10-31-2012 09:43 AM - edited 03-07-2019 09:47 AM
Have you guys seen a problem like this before? After a shutdown due to power outage, some vlans being trunked to an access layer switch would not pass traffic. Some vlans connected and allowed traffic, some did not. We had to disable and re-enable to trunk port on the distribution switch to get all of the vlan to pass traffic.
Aside from not passing traffic, the vlans, interfaces and trunking configs are normal. The only way you can tell that the vlan is not passing traffic is the loss of connection with the end devices (PCs, printers, etc..).

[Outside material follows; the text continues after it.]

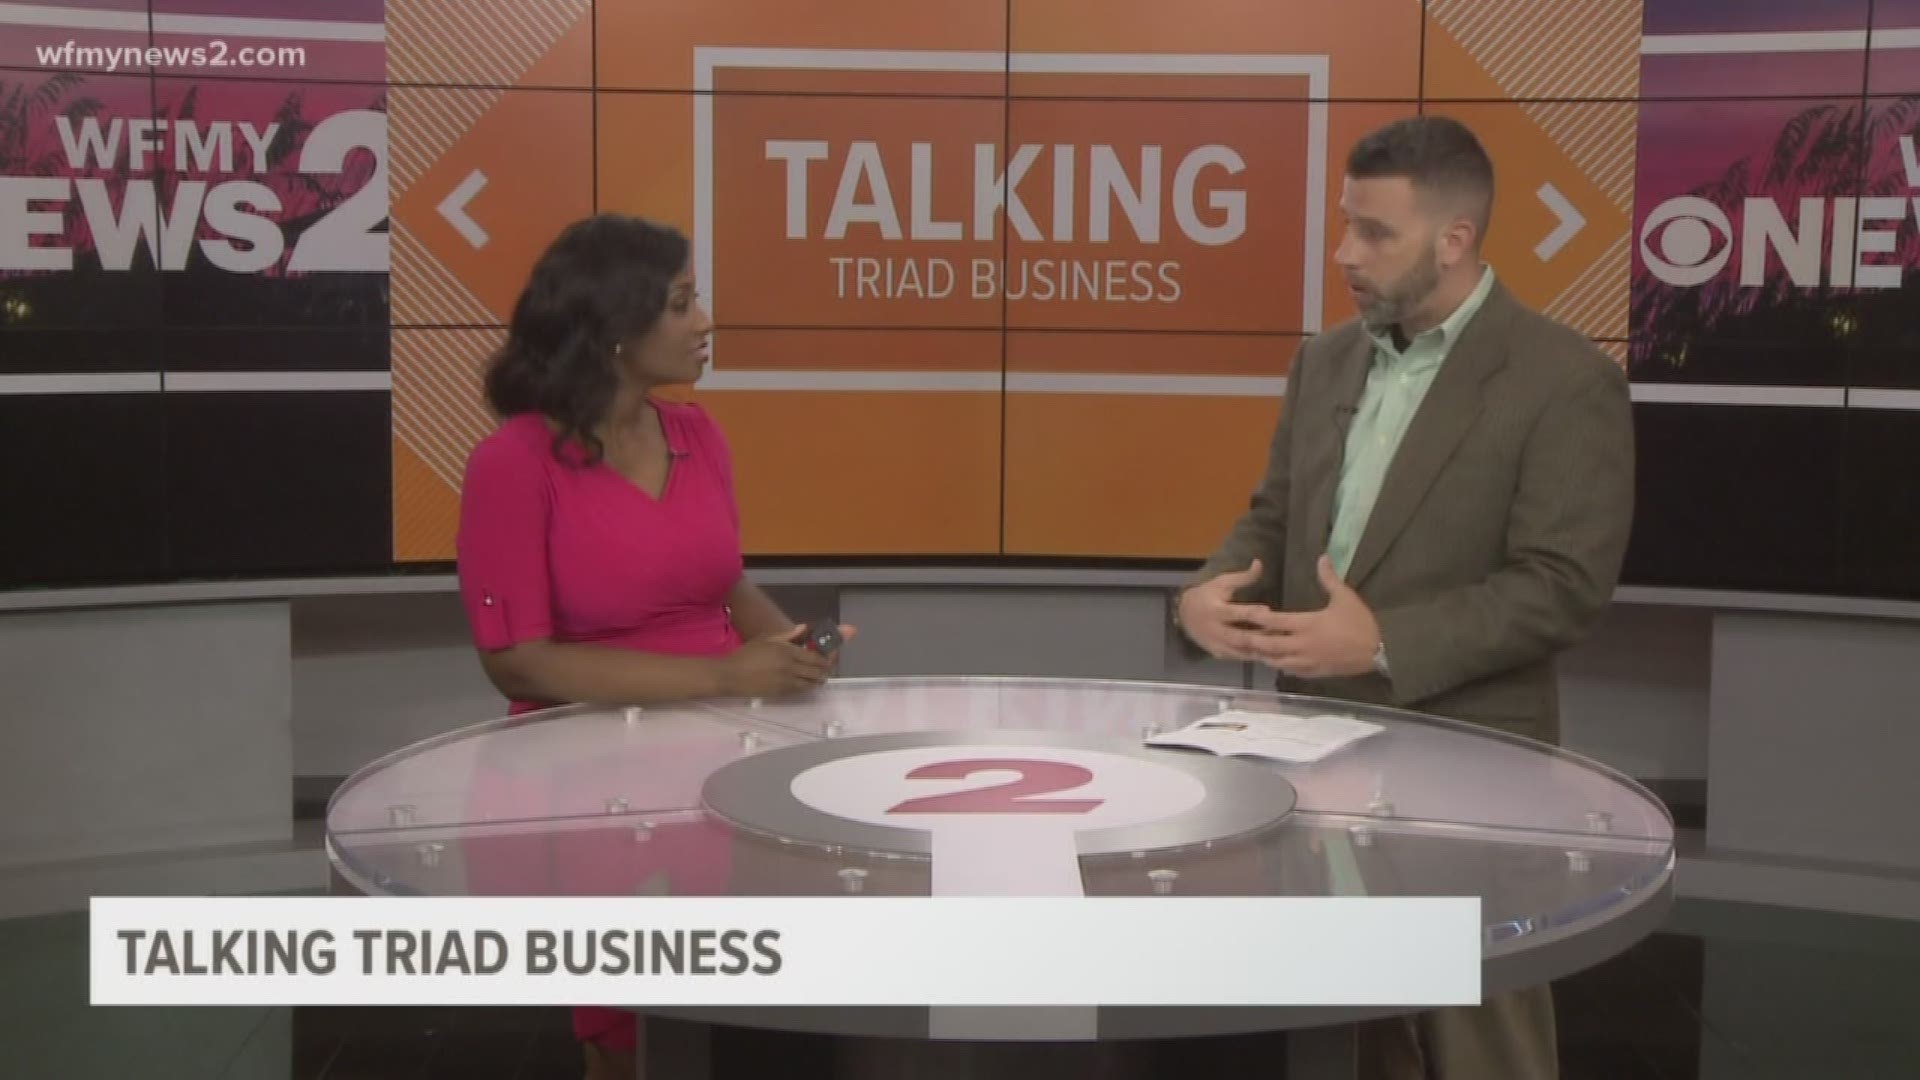 The Triad Business Journal stops by to talk about a plastic surgery center getting a face-lift and the Top Gun star who may own a Triad made jet.

standard trunk port config on distribution side (3750E ver 15.0(2)SE):
description ***Uplink to wiring closet 1***
switchport trunk encapsulation dot1q
switchport trunk native vlan 668
switchport trunk allowed vlan 10,30-38,131,190,200,211,711,900,911
switchport mode trunk
switchport nonegotiate
srr-queue bandwidth share 10 10 60 20
queue-set 2
priority-queue out
mls qos trust cos
auto qos voip trust
standard access layer trunk port config (3750 ver 12.2(50)SE3):
description ***Uplink to MDF***
switchport trunk encapsulation dot1q
switchport trunk native vlan 668
switchport mode trunk
switchport nonegotiate
srr-queue bandwidth share 10 10 60 20
queue-set 2
priority-queue out
mls qos trust cos
auto qos voip trust
10-31-2012 10:08 AM
Hey......I dont think there is any issue with the configuration.......did you see any logs (POST failures etc) when the device was coming up?
10-31-2012 10:14 AM
No I didn't catch the POST on the switches during reboot. The access-layer switches came back up when power was restored.
10-31-2012 11:05 AM
Shouldn't make any difference but I would make what is being allowed across the trunk equal on both sides. One side allows all vlans and the other side is restricting to certain vlans.